In 2006, then-King County Executive Ron Sims articulated the vision of “the granddaddy of all trails” in announcing the county's interest in the corridor, which runs between Snohomish and Renton. Since then, rail advocates have lost a number of battles to keep the line alive. The route was severed at I-405 in 2008 to allow for widening of the freeway from eight to 10 lanes.
The city of Redmond bought a 3.9-mile chunk of a spur track in 2010, and will use it primarily as a linear park for pedestrians. Early in 2011, a company that had taken over BNSF's freight rail service on the north end of the corridor was forced into bankruptcy and, largely because of the bankruptcy, saw federal administrators refuse its application to reactivate more of the track for freight service. A lawsuit from three Seattle residents attempting to undo the BNSF-Port of Seattle transaction that conveyed the Kirkland trackage lost on a summary judgment last December; the plaintiffs have appealed, however.

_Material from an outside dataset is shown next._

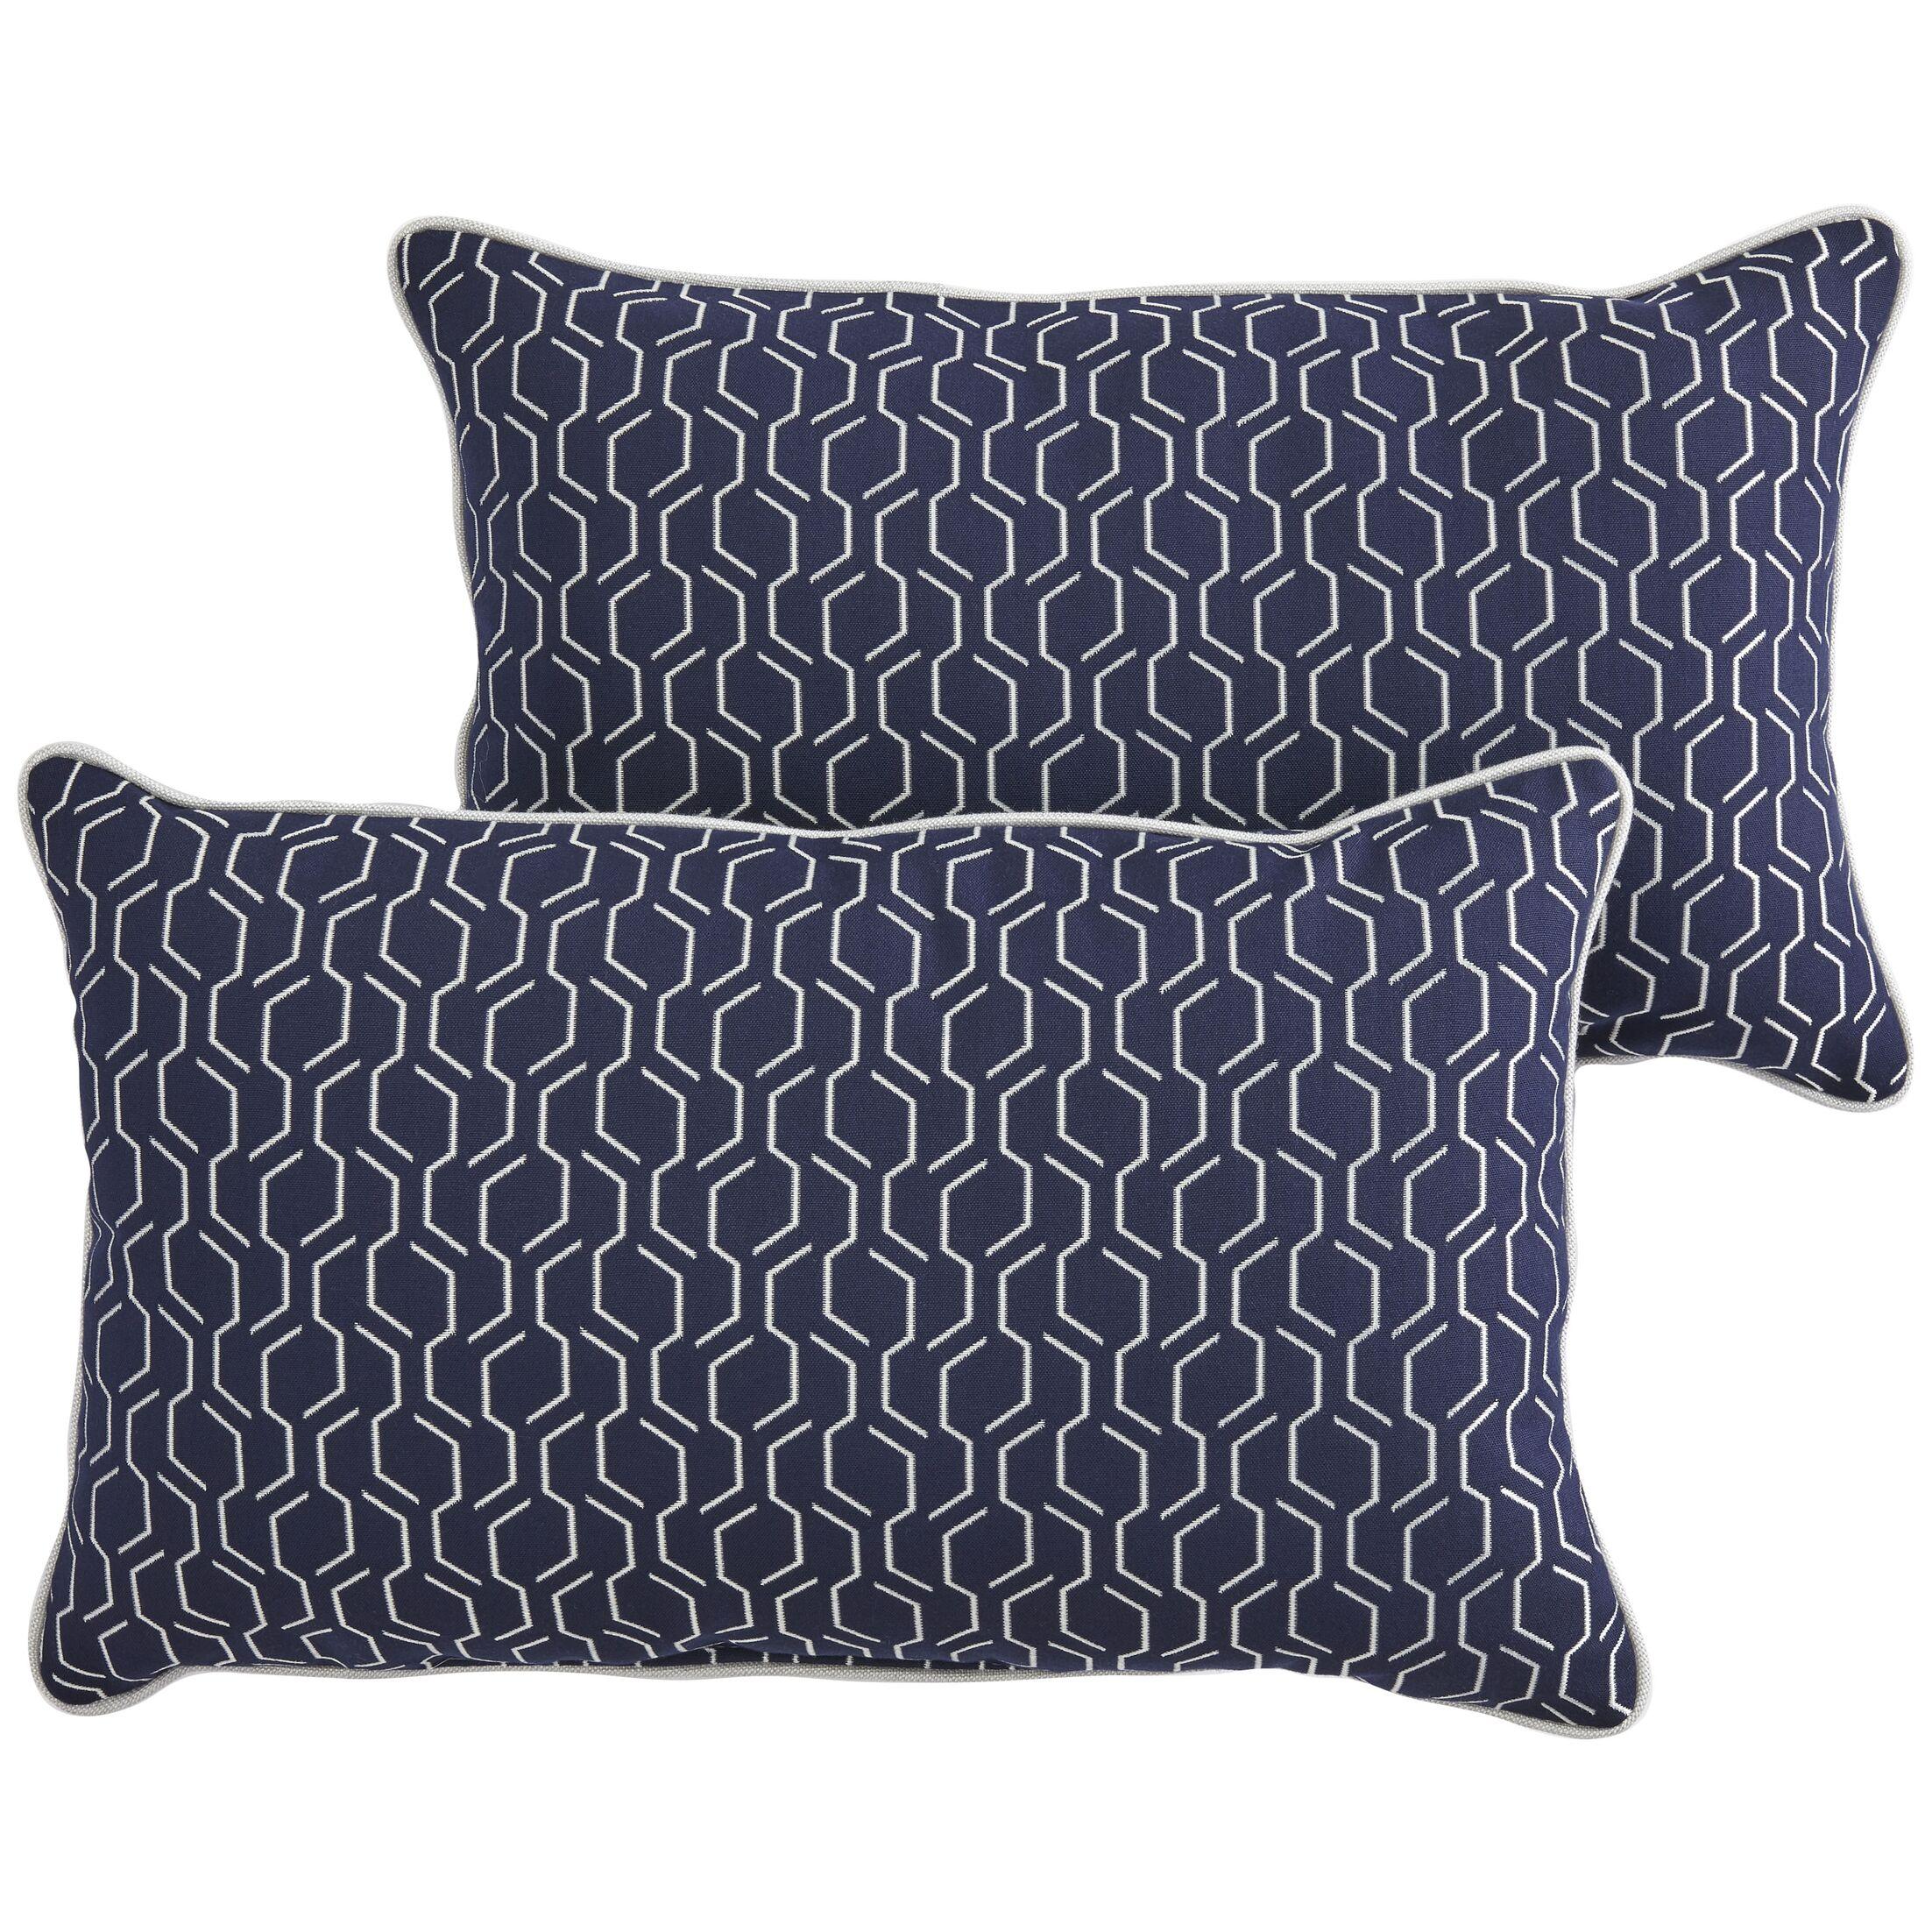 Hugley Indoor/Outdoor Sunbrella Lumbar Pillow

Redmond has already ripped out or covered over about a mile and a half of its track, Mayor John Marchione told Crosscut in a recent interview. In an earlier interview, he made it clear that he was not OK with freight trains coming into downtown Redmond. “Having a freight train run in your backyard is not acceptable for downtown residents,” he said.
His comment highlights the political tension surrounding neighboring Kirkland's plans: Is the right-of-way best used to move freight and rail passengers by a mode generally recognized as environmentally efficient, or does a pedestrian route make more sense, as a greater contributor to quality of life? Who, in short, gets dibs on that nice level railbed?
Those who seek more than a trail on an old railbed fear that political, financial, and legal challenges would block reinstatement of any sort of railroad once the tracks are gone, that “extinct is forever.” Indeed, this reporter could find no case of tracks ever having been relaid on an established “rail-trail” anywhere in the country.
The track conveyed by BNSF to the port is railbanked: that is, under federal law, it has been assigned to non-freight-rail uses on an interim basis, but remains available for the resumption of freight service, should that become economically viable again. Rail advocates suggest that, if the port signs a conveyance to Kirkland that does not guarantee that the rail infrastructure remains intact, the port will be reneging on its obligations under the railbanking process, which is overseen by the federal Surface Transportation Board (STB).